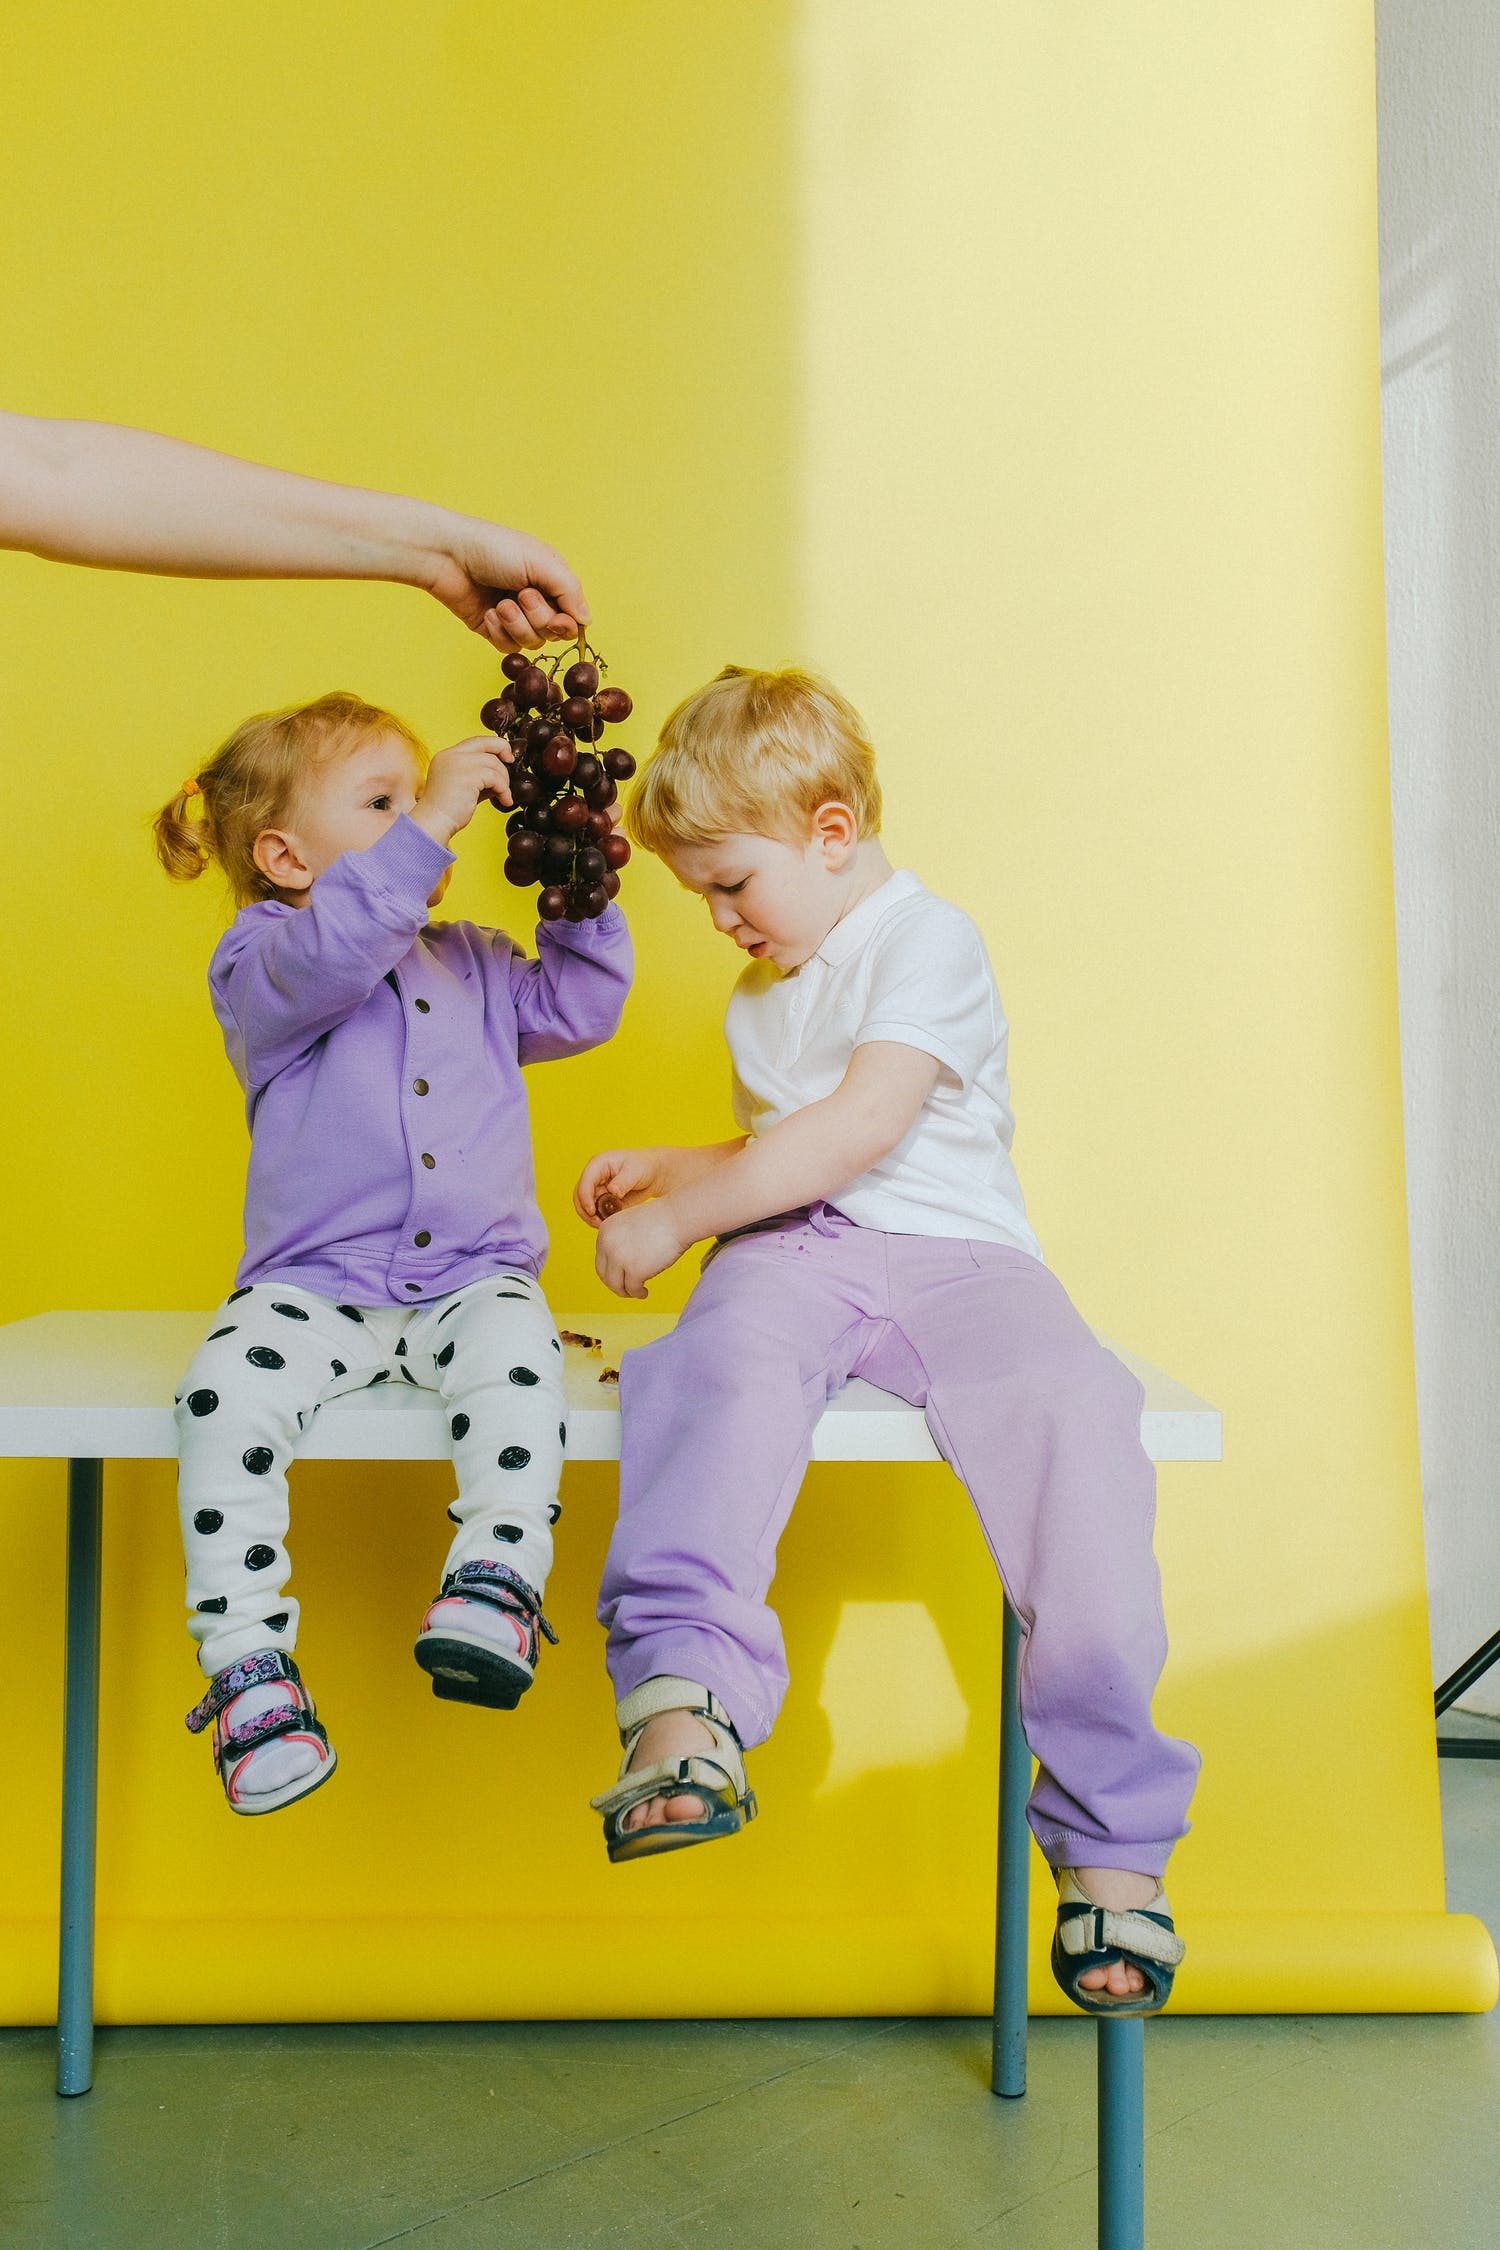 First Birthday Ideas   Take Some fun Photos Together   Beanstalk Mums
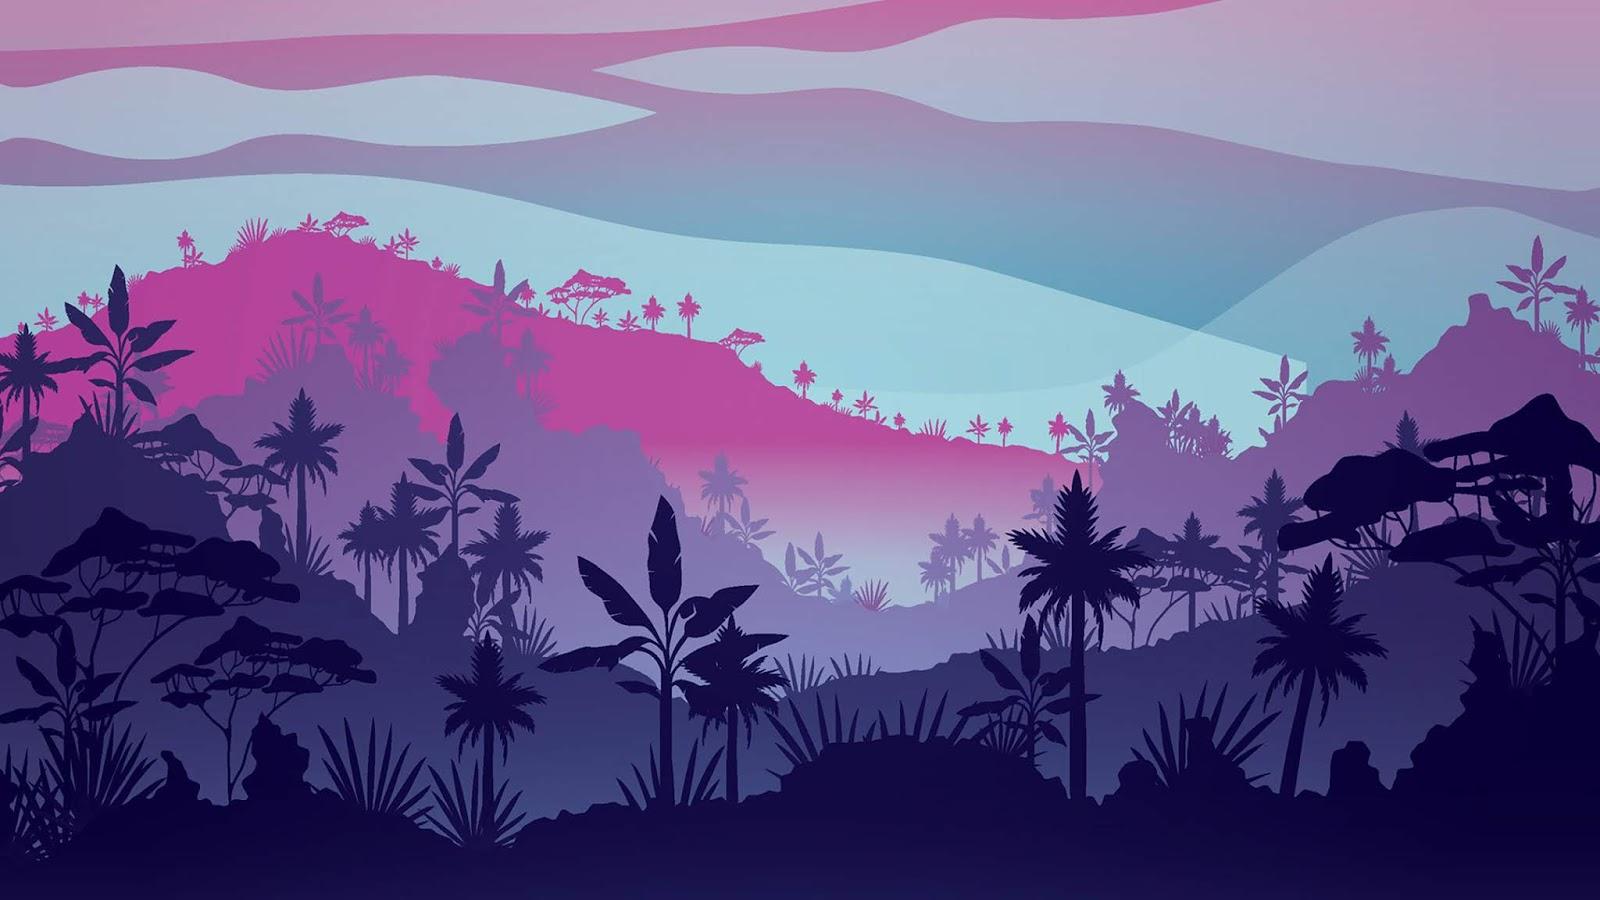 Desktop Wallpaper Hd 2048x1152
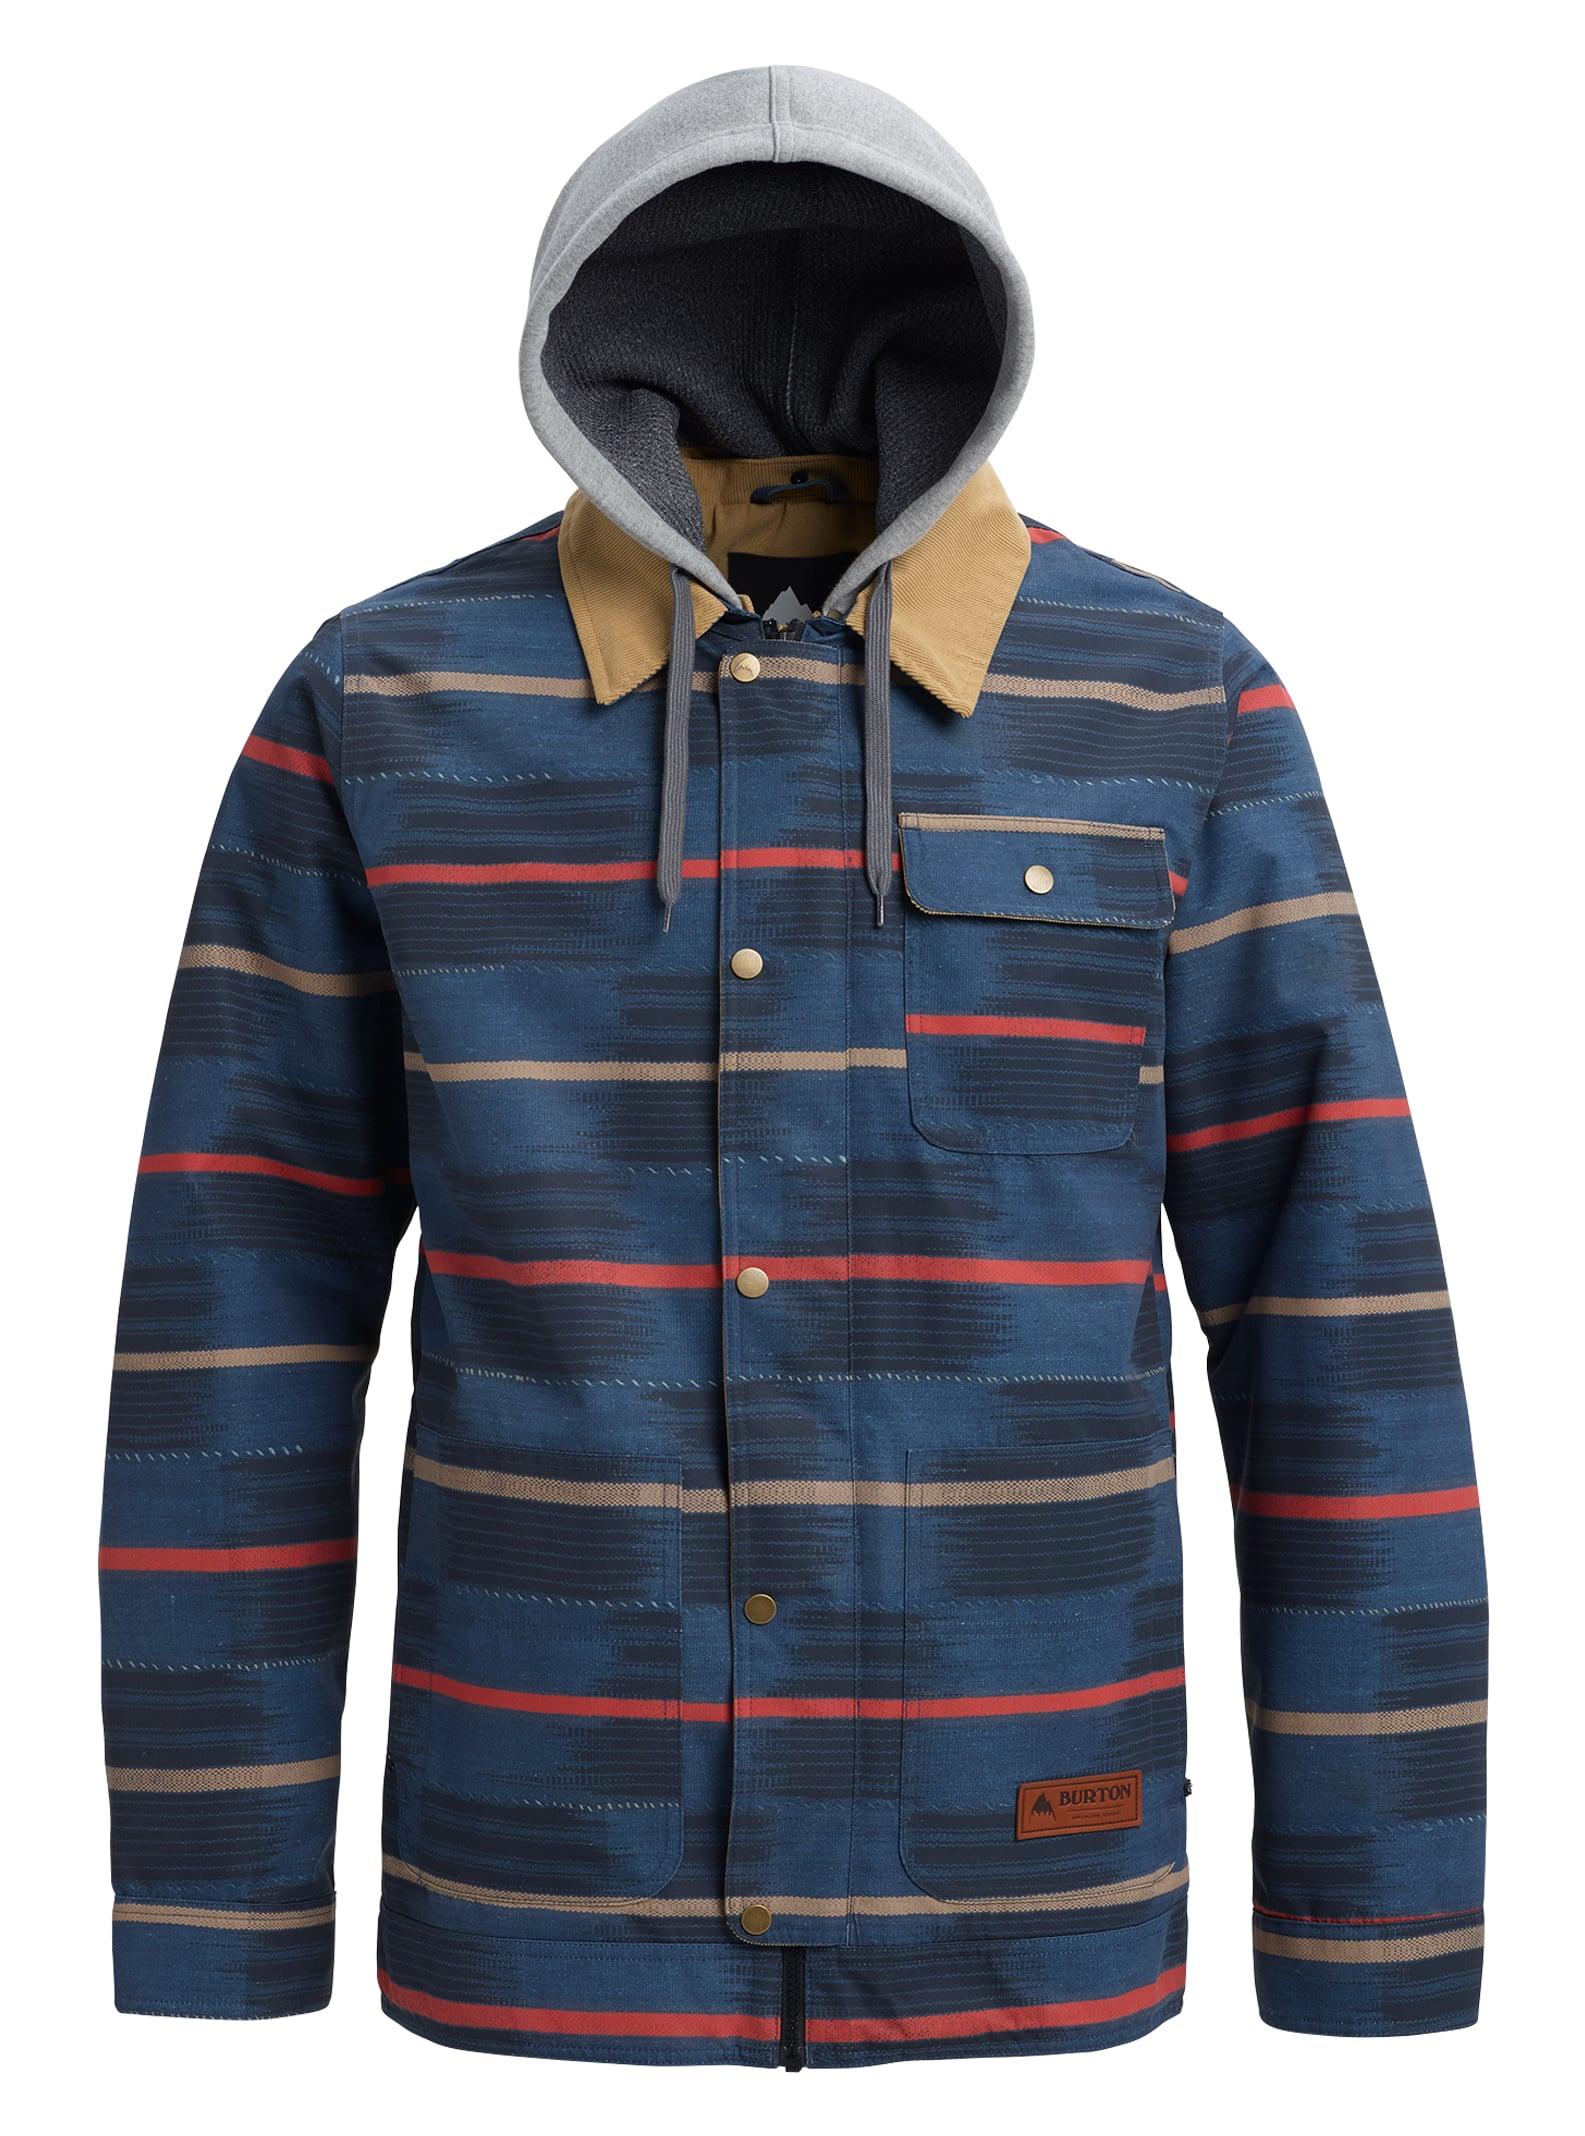 310c32e3c Sale Clothing & Gear   Burton Snowboards
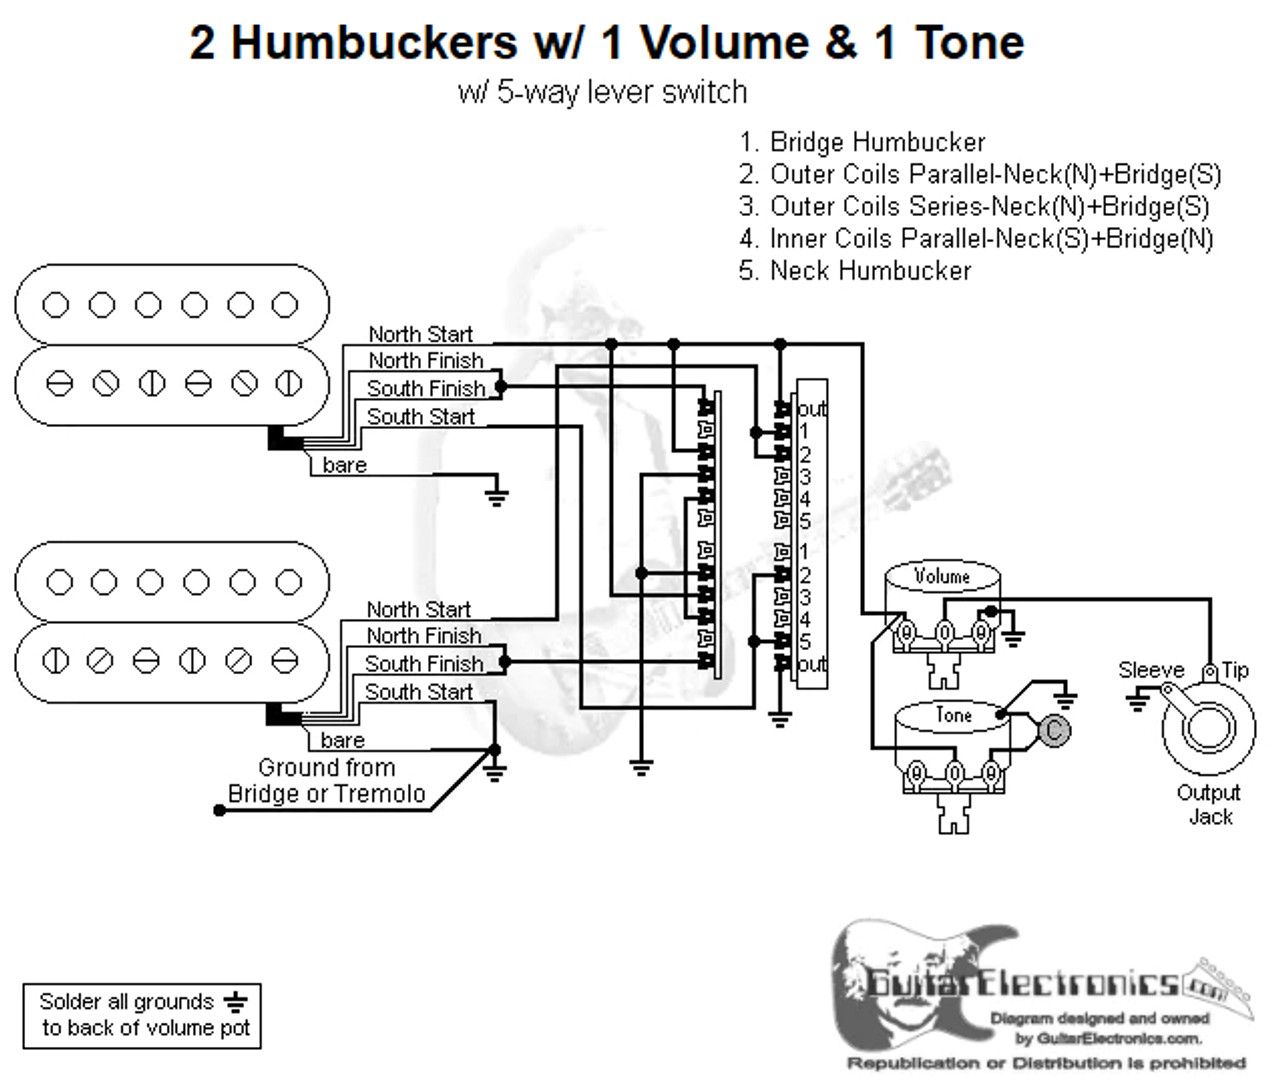 wiring diagram 5 way switch i 39m wiring diagram guitar 5-way switch wiring diagram 5 way switch i 39m #2
______________________________
Transcribe the listing word for word, but keep its pictures out of the copy.

 First Birthday Ideas   Take Some fun Photos Together   Beanstalk Mums
 Desktop Wallpaper Hd 2048x1152
 310c32e3c Sale Clothing & Gear   Burton Snowboards
 wiring diagram 5 way switch i 39m wiring diagram guitar 5-way switch wiring diagram 5 way switch i 39m #2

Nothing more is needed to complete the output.